Scientists will always tinker. While they mostly seek to improve the world, some scientists stray into Frankenstein category. Now that the genome has been hacked open, also sorts of possibilities pop up, from the useful to the ridiculous.
Say you often can’t find your cat when she wanders around the house at night. Problem solved. Get a glow in the dark cat.
Yes, it’s true. South Korean scientists meshed a cat’s DNA with a red fluorescent protein. Why did they want glowing kitties? Just because.
Although some of the genetic engineering works around possibility for science’s sake. Not everyone needs a glowing cat. But what about a dinosaur? Look at a modified Umbuku Lizard.
Those wings aren’t glued on. They were dormant in the lizard’s genes. A little tinkering brought them out. Scientists believe that this lizard is a descendent of the Pterodactyl, which lost its ability to fly some millions of years ago. To date only 6 of these flying Umbuku have been produced and they are kept seperate from the natural Umbuku due the risk of cross breeding.
Some genetic tinkering can produce results we can all use. Consider the fact that nearly all paper comes from wood pulp. However, you have to kill the tree to make the paper. What if you didn’t? Trees produce leaves every season. A Swiss-based company saw the possibilities. They engineered a tree whose leaves look like sheets of paper. That’s right. Just pluck a sheet and get writing. Bonus, the tree lives.

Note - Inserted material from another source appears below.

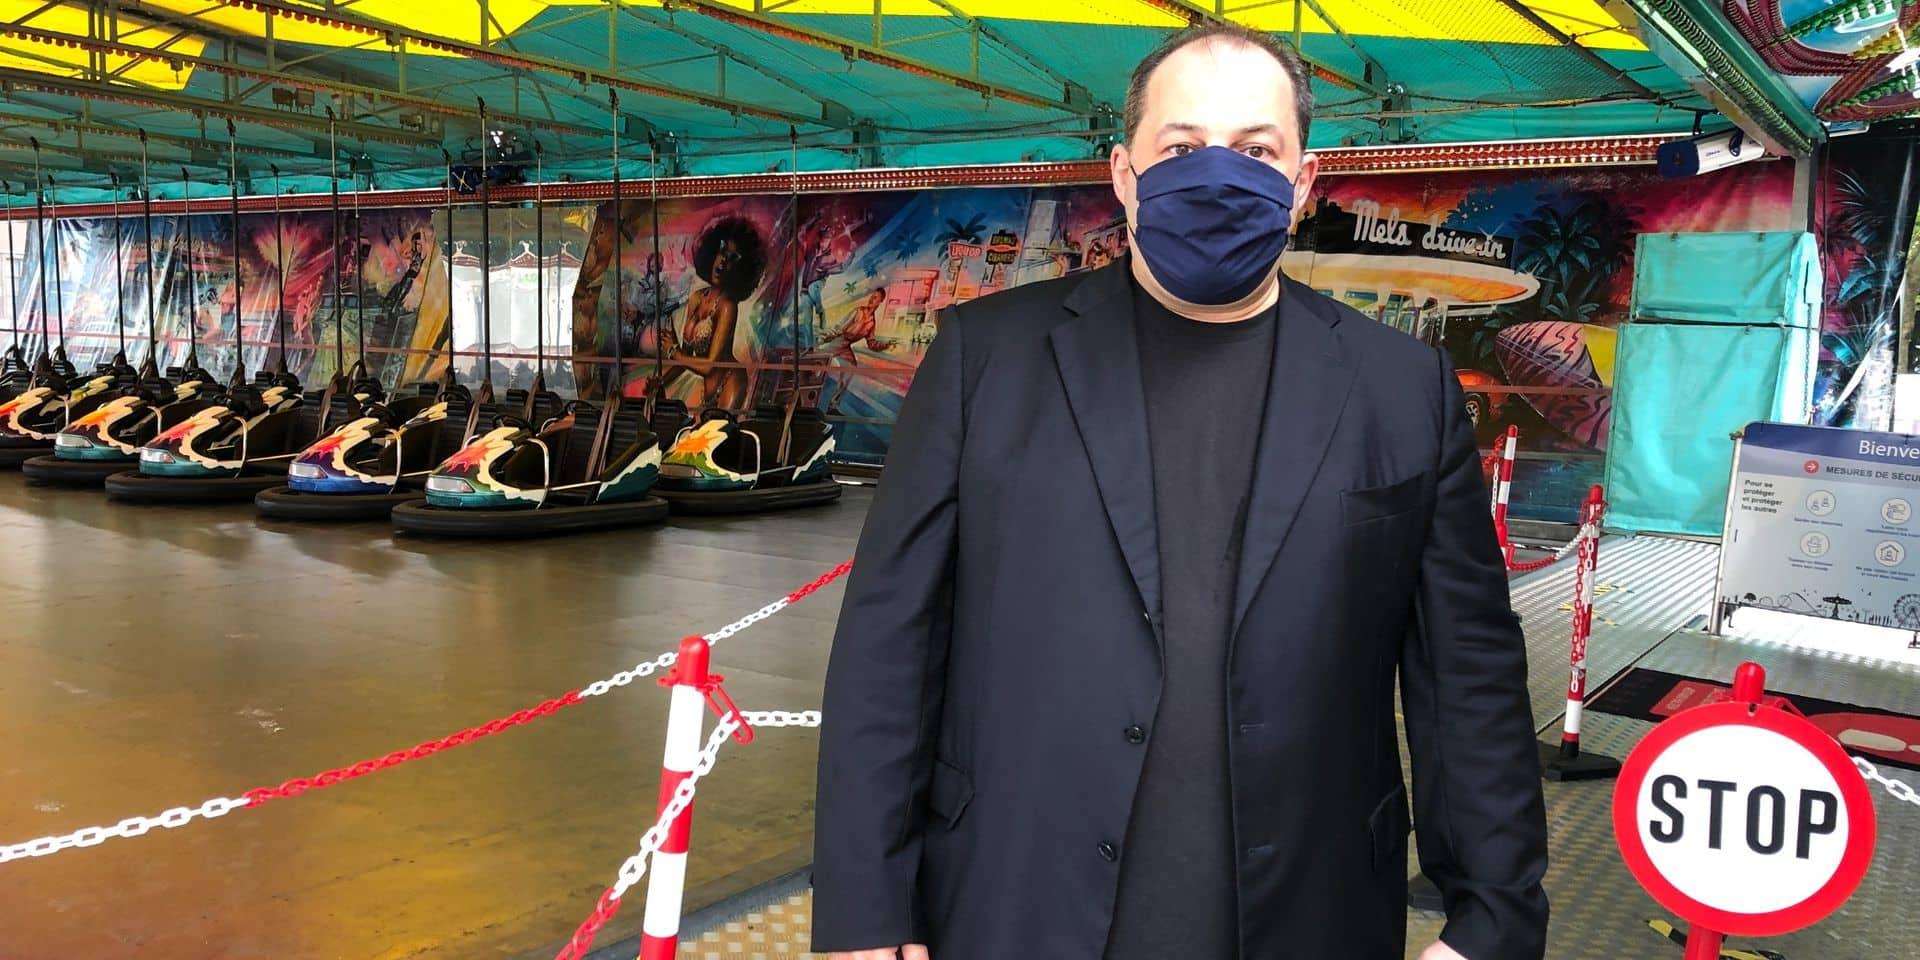 Tournai : Une meilleure foire qu'avant le Covid

Up to this point, scientists have combined like items (plant with plant or animal with animal). Here comes the fern spider.
This is one of the first animal/plant hybrids. The Italian Wolf spider (Lycosa tarantula) was crossed with a ponga fern (Cyathea dealbata) to test the survival rates of creatures with camouflage.
Finally, this tinkering can be simply for the purpose of beauty.
The Japanese company, Suntory, managed to create a blue rose called “Applause.” Blue roses don’t exist in nature. Many horticulturalists strive for this coveted goal. The company mixed rose genes (Old Garden ‘Cardinal de Richelieu’) with a delphinidin-producing gene from a pansy.